[GIVEN ENTRIES]:
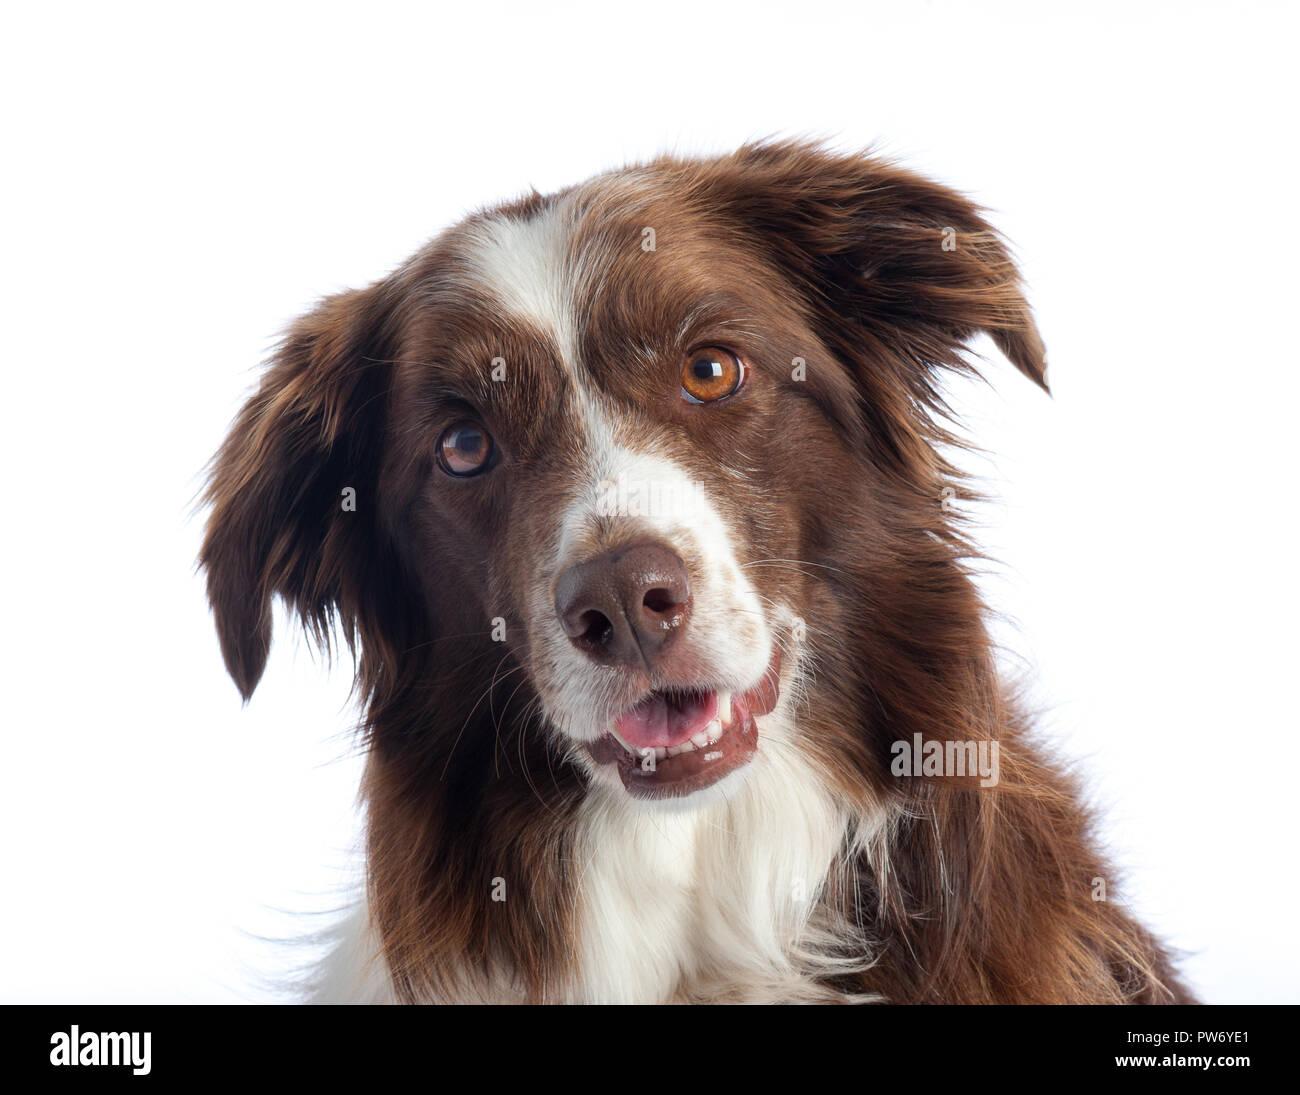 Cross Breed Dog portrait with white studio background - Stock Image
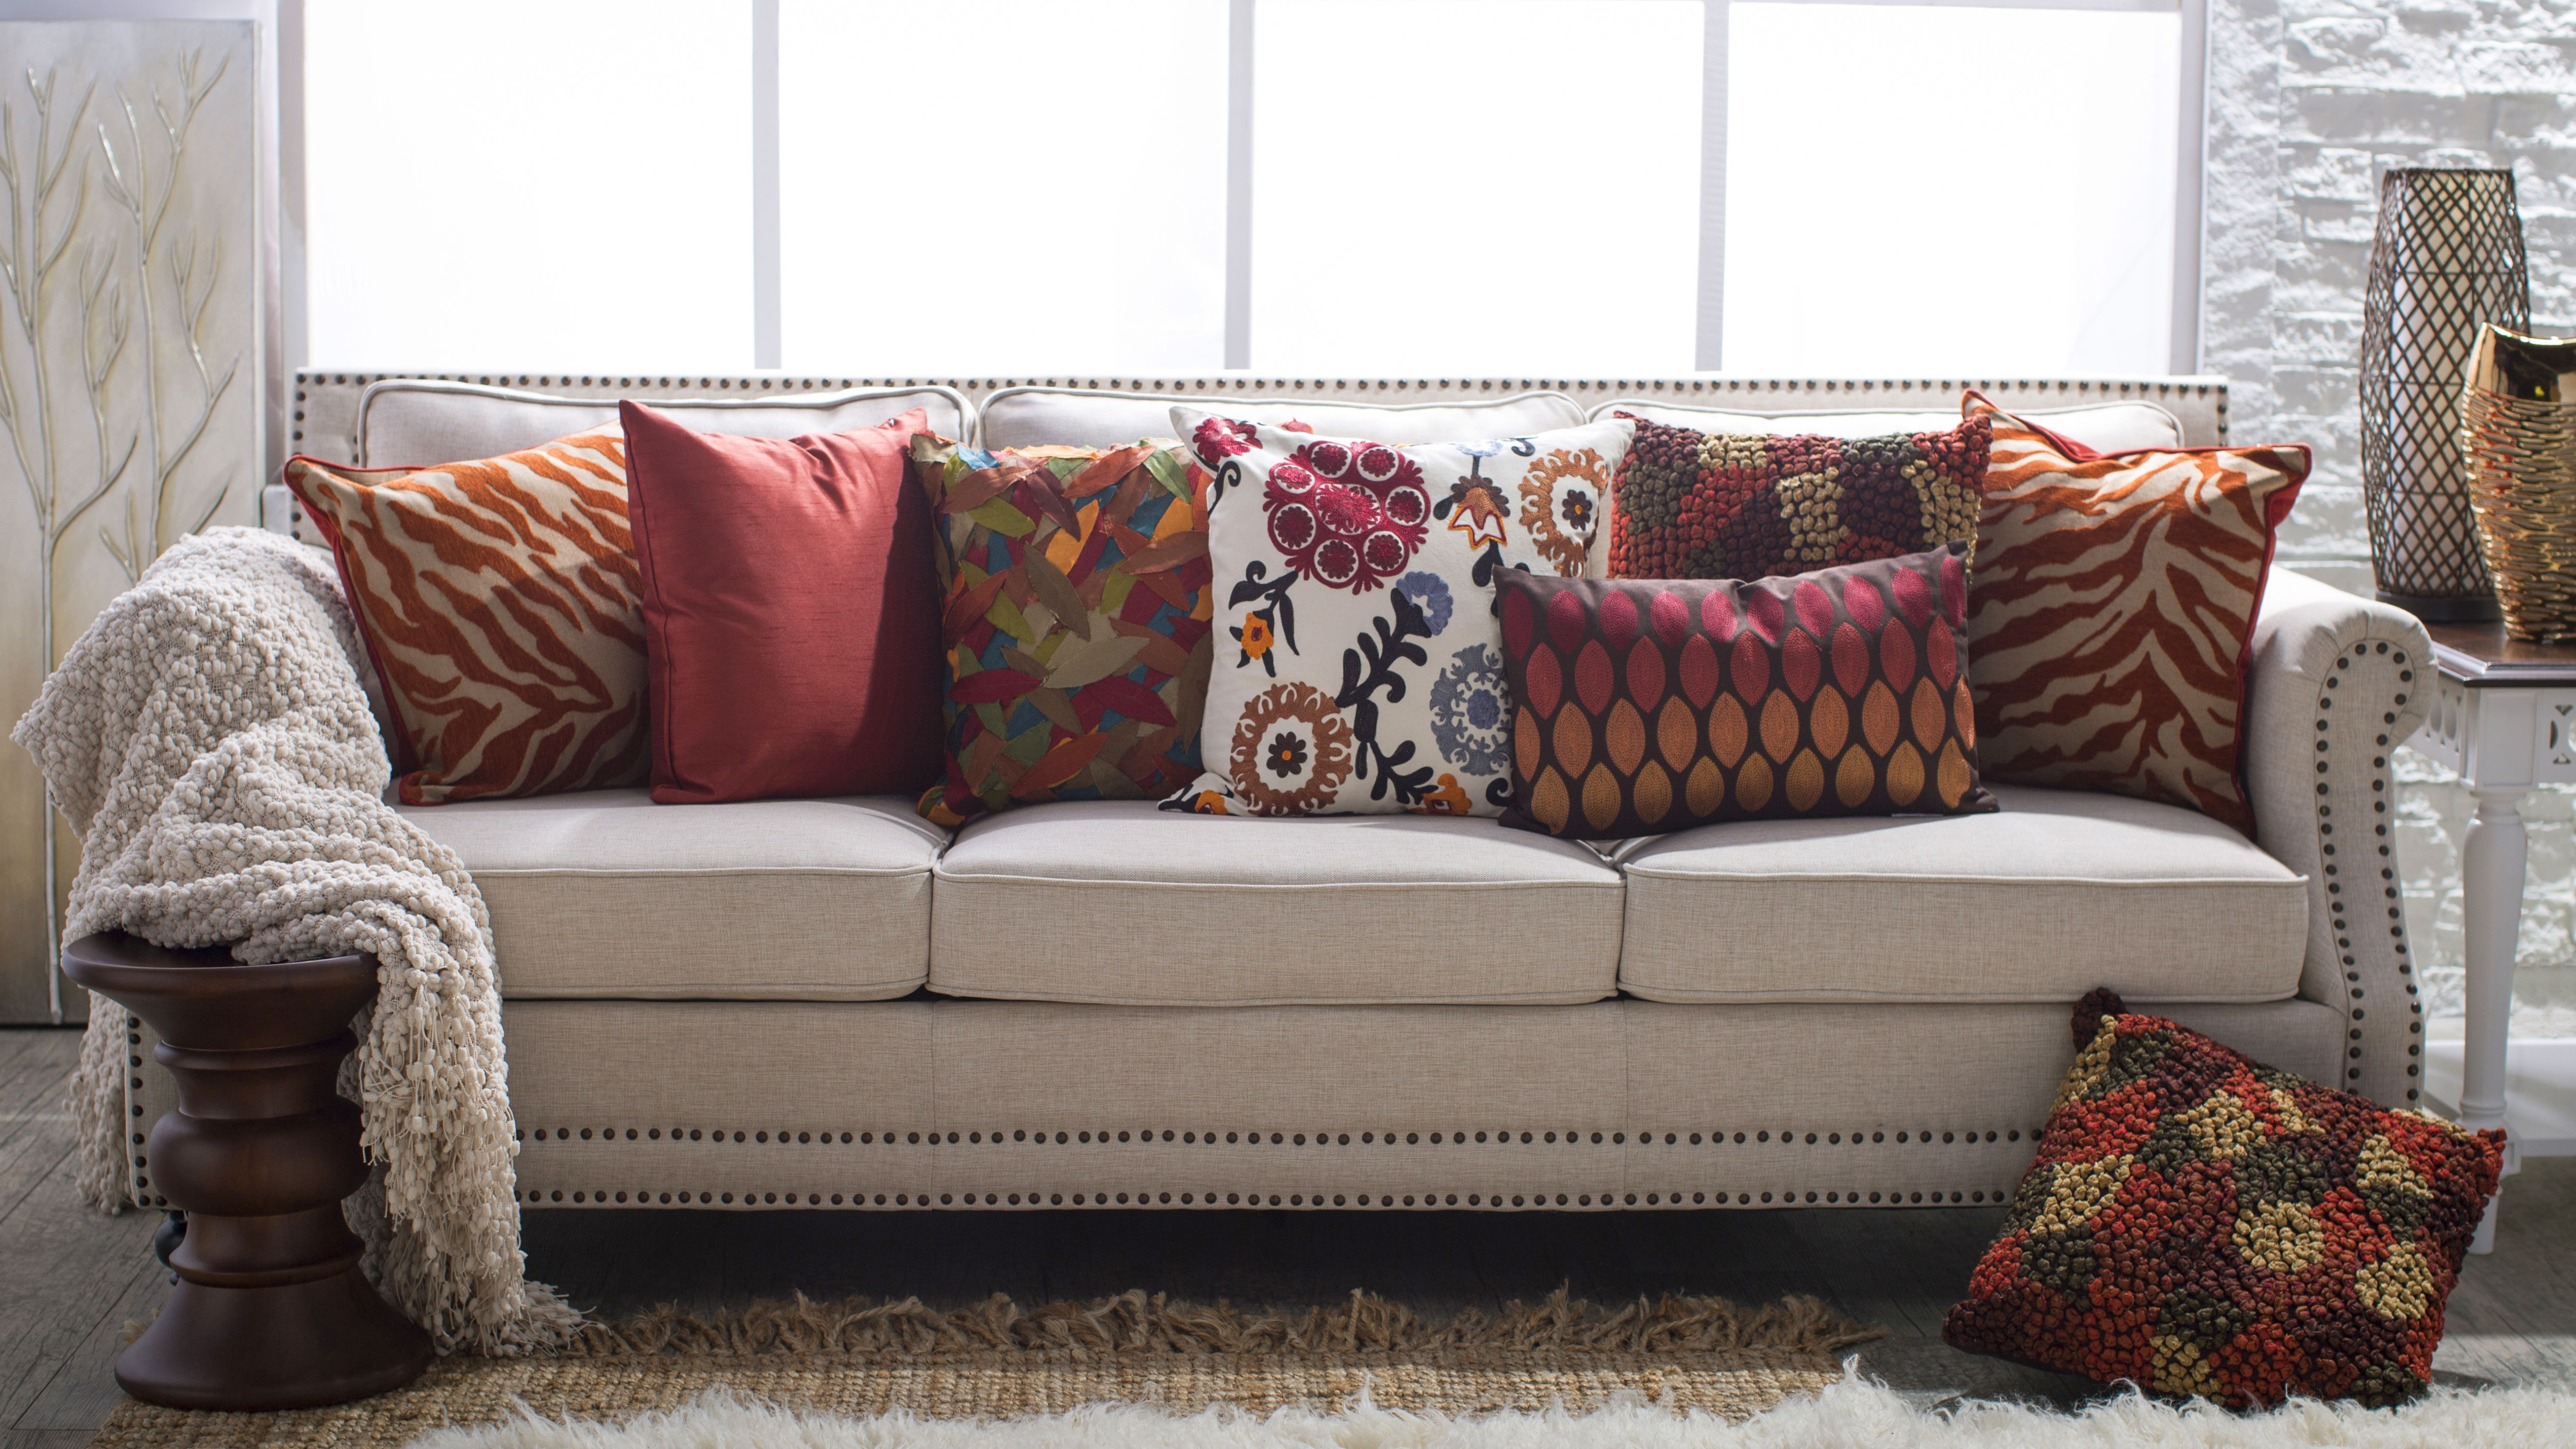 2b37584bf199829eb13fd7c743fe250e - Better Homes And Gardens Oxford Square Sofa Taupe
* * *
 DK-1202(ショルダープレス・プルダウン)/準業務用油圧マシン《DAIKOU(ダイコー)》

[EXERCISE GOAL]:
Write out exactly the run of lines above that starts at the line containing "Cross Breed Dog" and ends at the line containing "2b37584bf199829eb13fd7c743fe250e - Better". Include both, and leave the pictures out.

[THE ANSWER]:
 Cross Breed Dog portrait with white studio background - Stock Image
 2b37584bf199829eb13fd7c743fe250e - Better Homes And Gardens Oxford Square Sofa Taupe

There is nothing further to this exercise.